During the 1980s, Steeleye released only three albums. By 1991, the band was revitalized through the arrival of bassist Tim Harries and drummer Liam Genockey. Harries was younger than the other band members, and new blood returned the band to full-time activity. Steeleye found a fresh perspective on old material, as is evident on Tonight's the Night...Live, which balances the band's rock and folk roots.

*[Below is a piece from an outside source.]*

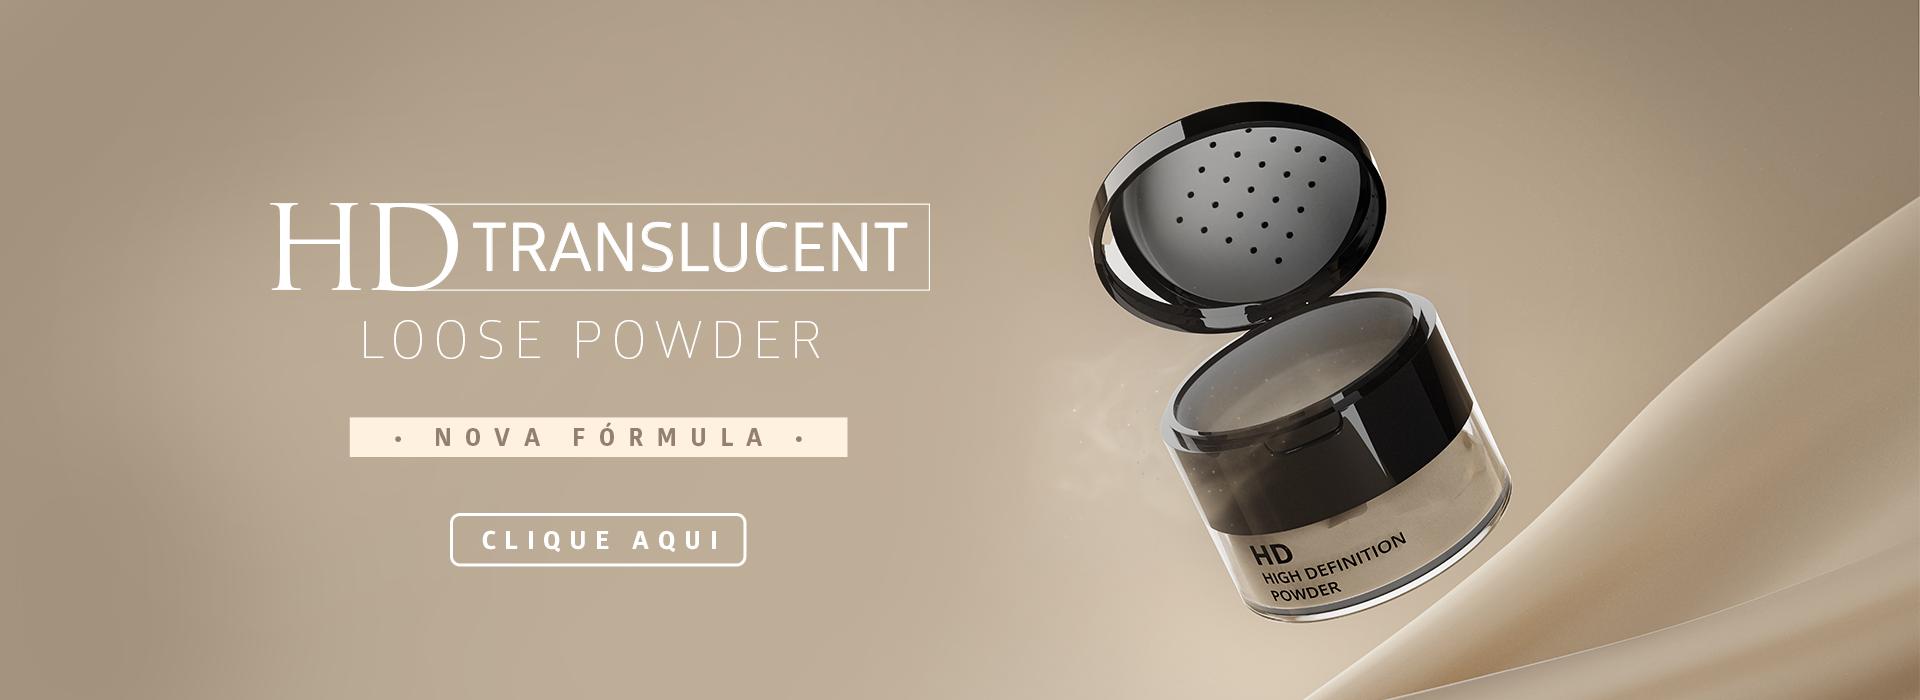 hd-translucent-loose-powder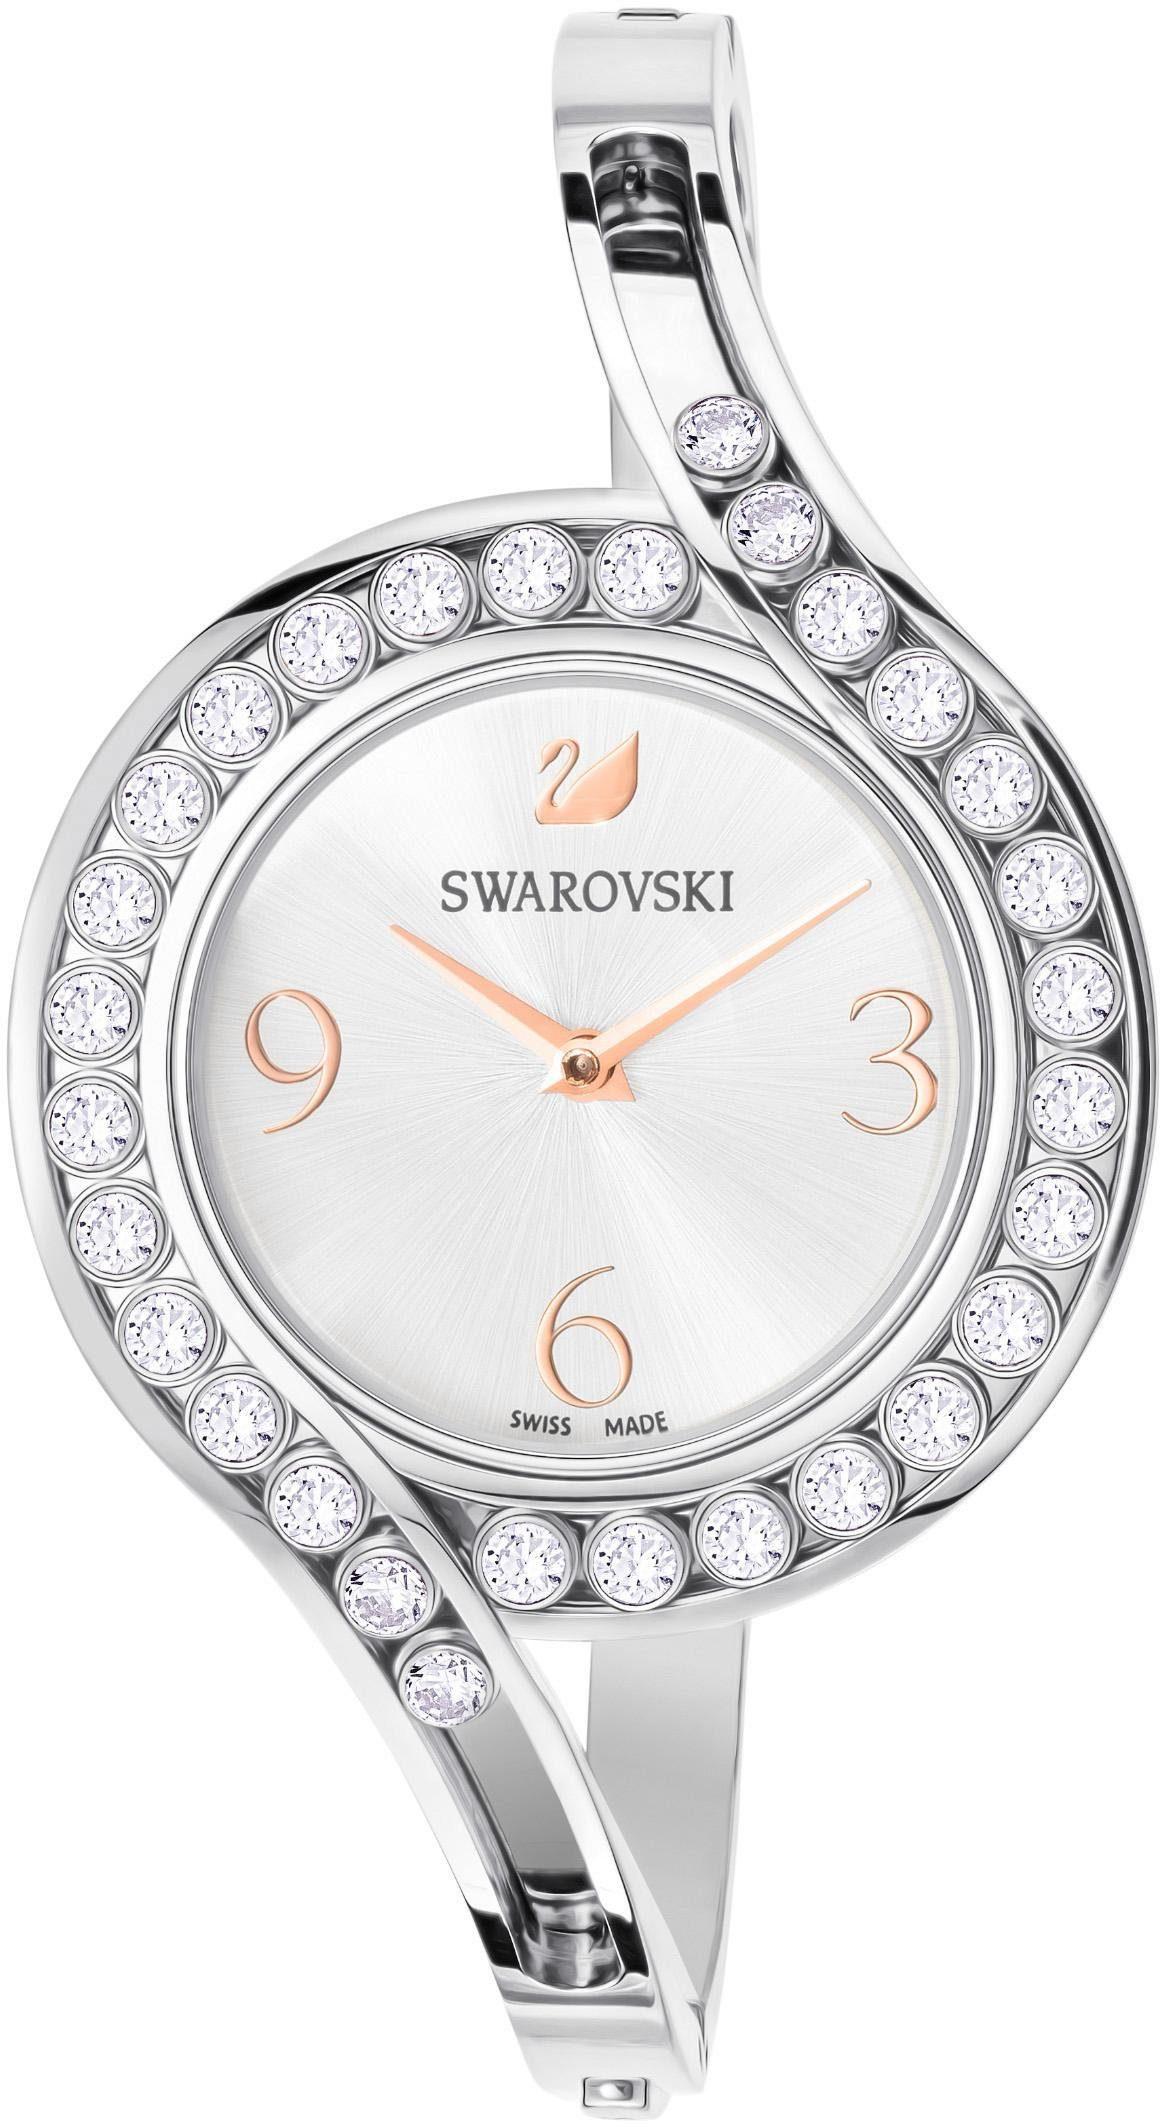 Swarovski Swarovski »lovely Schweizer Schweizer Crystals5452492«Otto Swarovski Uhr »lovely Uhr Uhr Crystals5452492«Otto Schweizer »lovely 0Onk8wP

The album includes new arrangements of several songs from earlier albums, some of them different from the earlier versions: "Cam Ye O'er Frae France" from Parcel of Rogues, "All Around My Hat" from All Around My Hat (preferred by some to the original), "Fighting for Strangers" from Rocket Cottage, "White Man" from Back in Line, and "Padstow" from Tempted and Tried. "The Weaver and the Factory Maid" (from Parcel of Rogues) is effective. With a thrumming bass line, clicking percussion and repetitive violin and guitar lines, the song conveys the sense of a factory full of power looms.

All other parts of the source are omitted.